A Biology Major Turns to Food
In her last semester at Florida State University, Grenier switched majors from biology to food and nutrition science. A newfound interest in cooking led her to enroll at The Art Institute of Fort Lauderdale’s culinary program. To make money on the side, she got a job as a cook at 3030 Ocean, prepping ingredients for pioneering farm-to-table chef Dean James Max.
That was in 2006. Twelve years later, Grenier now runs the kitchen as executive chef of 3030 Ocean. She took a detour from the restaurant for several years, working on the culinary team at the Eden Roc and competing in an episode of the Food Network’s Chopped.
“It was awful. I hated it,” she said of the TV appearance. “At least I won. That was great.”
She’s a Teacher, Not a Yeller
Grenier’s quiet, calculated demeanor in the kitchen is all about careful planning and perfect execution. When one of her cooks messes up? “I try to show patience and show them how it’s done, the right way,” she said. “Nobody wants to go to work and get yelled at. I just don’t have the energy to be this beast. It’s not me.”
And the right way to compose a steak dinner? Grenier starts with a flavorful skirt steak to bring out the nostalgic flavors of backyard grilling. Then she looks for seasonal and local vegetables to complement the meat — in this case, heirloom beans and peppers from Swank Specialty Produce in Loxahatchee.
“[Being on TV] was awful. At least I won. That was great.”
The most important part of the steak recipe, she said, is something she picked up along the way, from her mom’s weeknight meals to her aunt’s Thanksgiving feasts to her culinary school education: season with salt to taste. It’s a fundamental step that’s even more important when cooking light and simple meals like this one.

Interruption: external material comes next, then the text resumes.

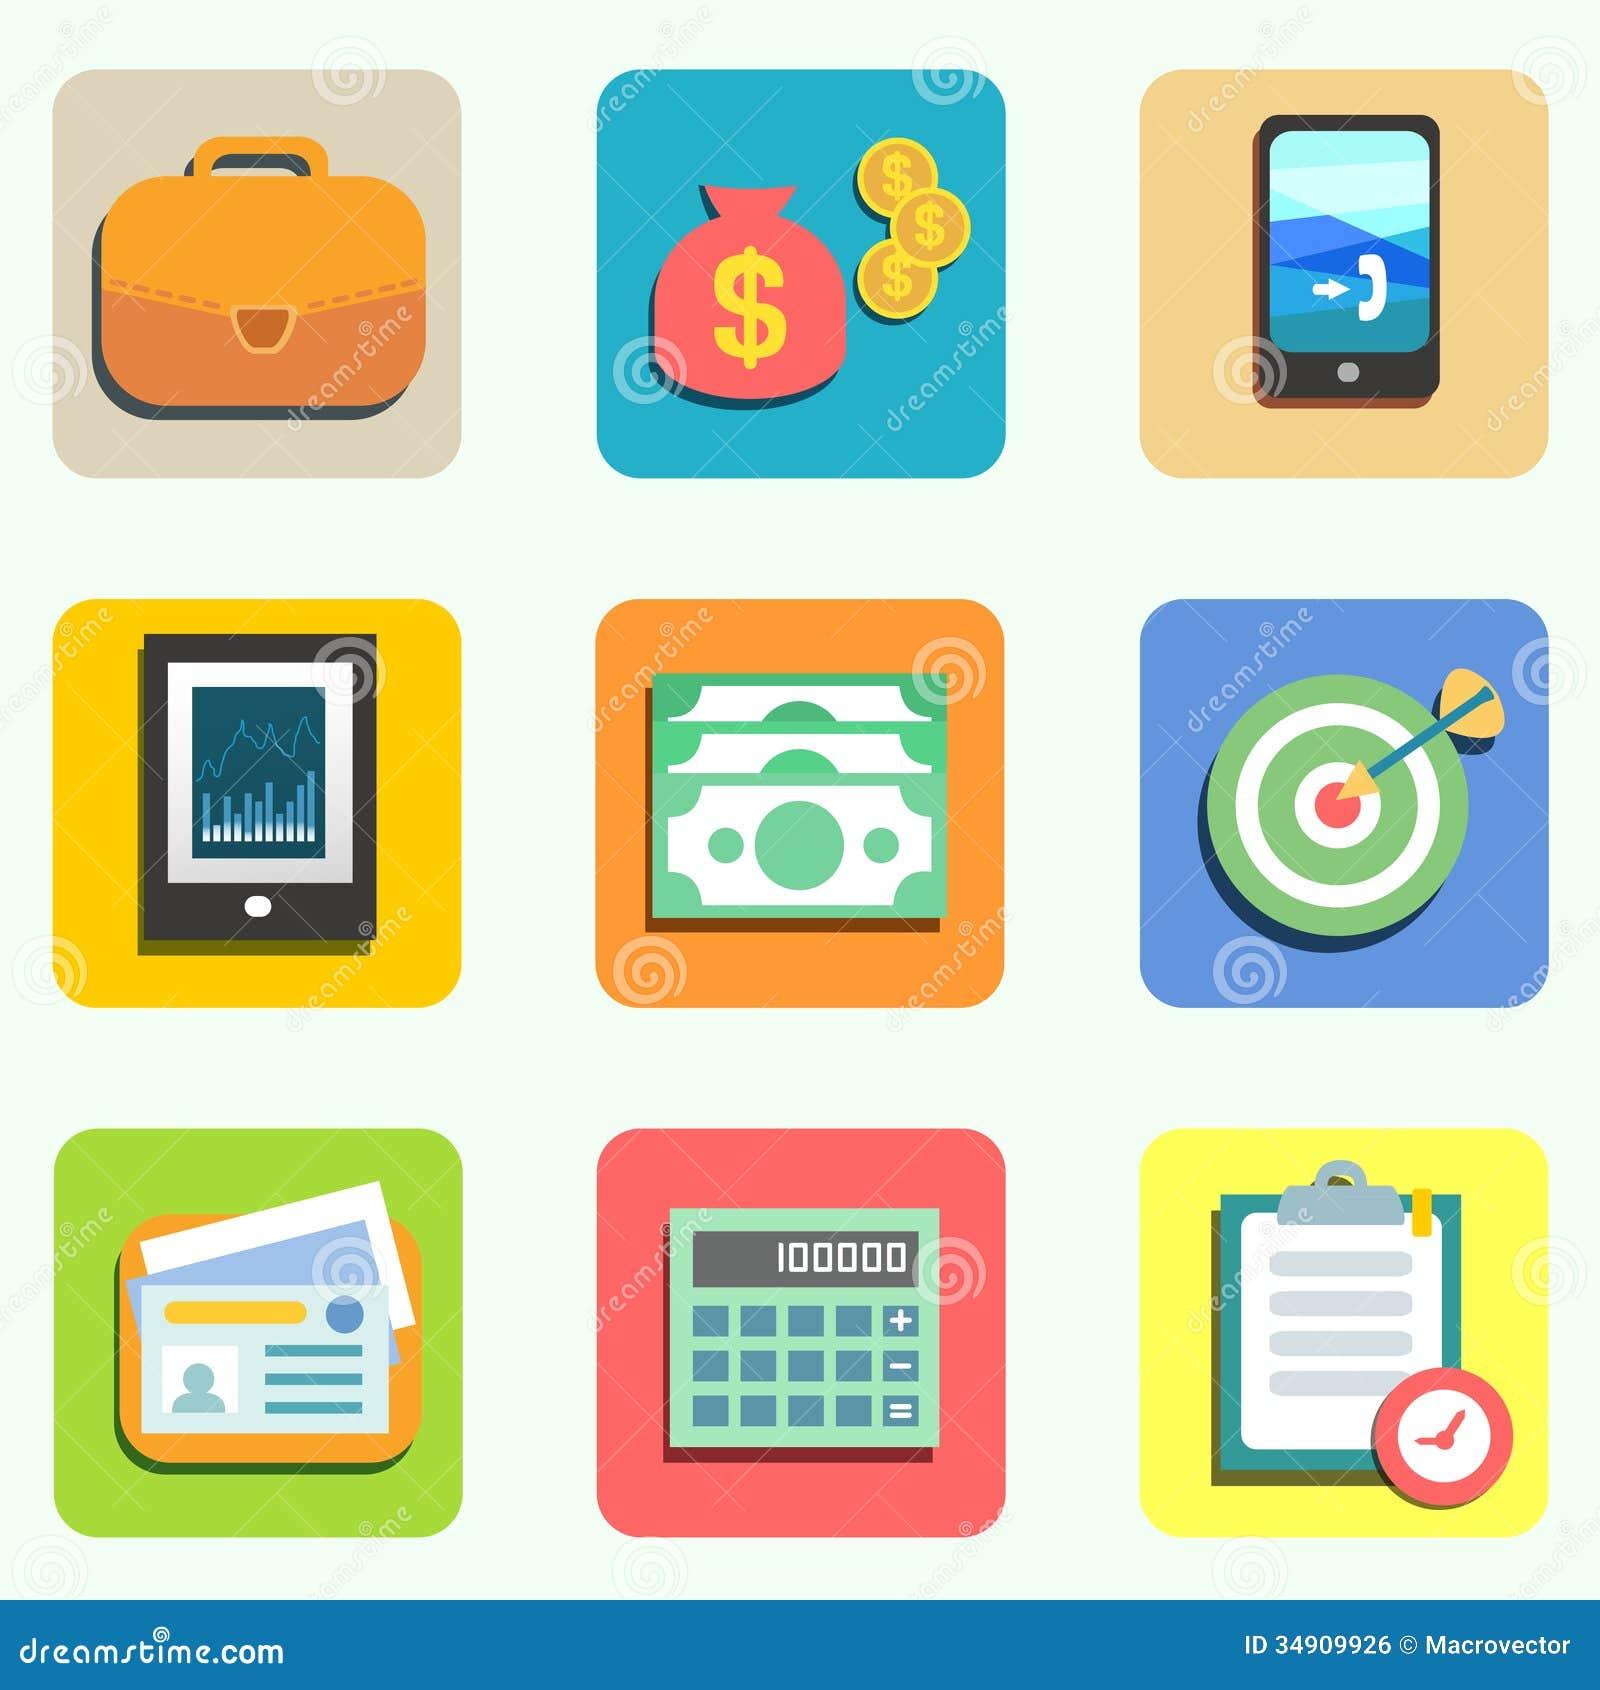 Finance Flat Icons Royalty Free Stock Image - Image: 34909926

Said Grenier: “This is kind of a celebration of summer harvest.”
3030 Ocean at the Harbor Beach Marriott Resort and Spa, 3030 Holiday Drive, Fort Lauderdale; 954-766-6100; 3030ocean.com.
Recipe: Grilled Skirt Steak with Charred Corn and Pepper Chutney
Makes 4 servings.
1 small yellow onion, diced
5 garlic cloves, crushed
2 cups roasted red peppers
2 dried Thai chilies or 2 teaspoons red pepper flakes
1 tablespoon coriander seeds
1 teaspoon cumin seeds
1 cup white wine vinegar
1/2 cup white sugar
4 ears corn, peeled
1/2 cup snap beans
1/2 cup cherry tomatoes
4 sweet baby peppers
1 lime, juiced
2 pounds skirt steak
1/4 small red onion, thinly sliced
1 bunch flat-leaf parsley, chopped
2 cups baby arugula
Olive oil, vegetable oil, salt and pepper to taste
1. For the chutney, heat a pot over medium-high heat and add two tablespoons of vegetable oil. Sauté the yellow onion and garlic until soft and lightly browned, about 8 minutes. Add the red peppers and continue cooking until almost dry. Stir in the chilies, coriander and cumin. Add the vinegar and sugar, and simmer on low for 5 to 10 minutes. Purée in a blender until smooth. Season with salt and cool to room temperature; set aside.
2. Toss the corn, beans, tomatoes and peppers in extra-virgin olive oil, season with salt and place on a medium-high grill. Char the corn on all sides, but take care not to overcook the other vegetables. Set aside.
3. Coat the steak with vegetable oil, and season generously with salt and pepper. Grill over high heat, 2 to 3 minutes per side. Set aside.
4. Cut the corn off the cob, chop the beans into 1-inch pieces and thinly slice the peppers. Toss the veggies with the sliced red onion, chopped parsley and arugula. Lightly dress the salad with olive oil, lime juice, salt and pepper. Slice the skirt steak against the grain and serve over top of the salad, with the chutney on the side.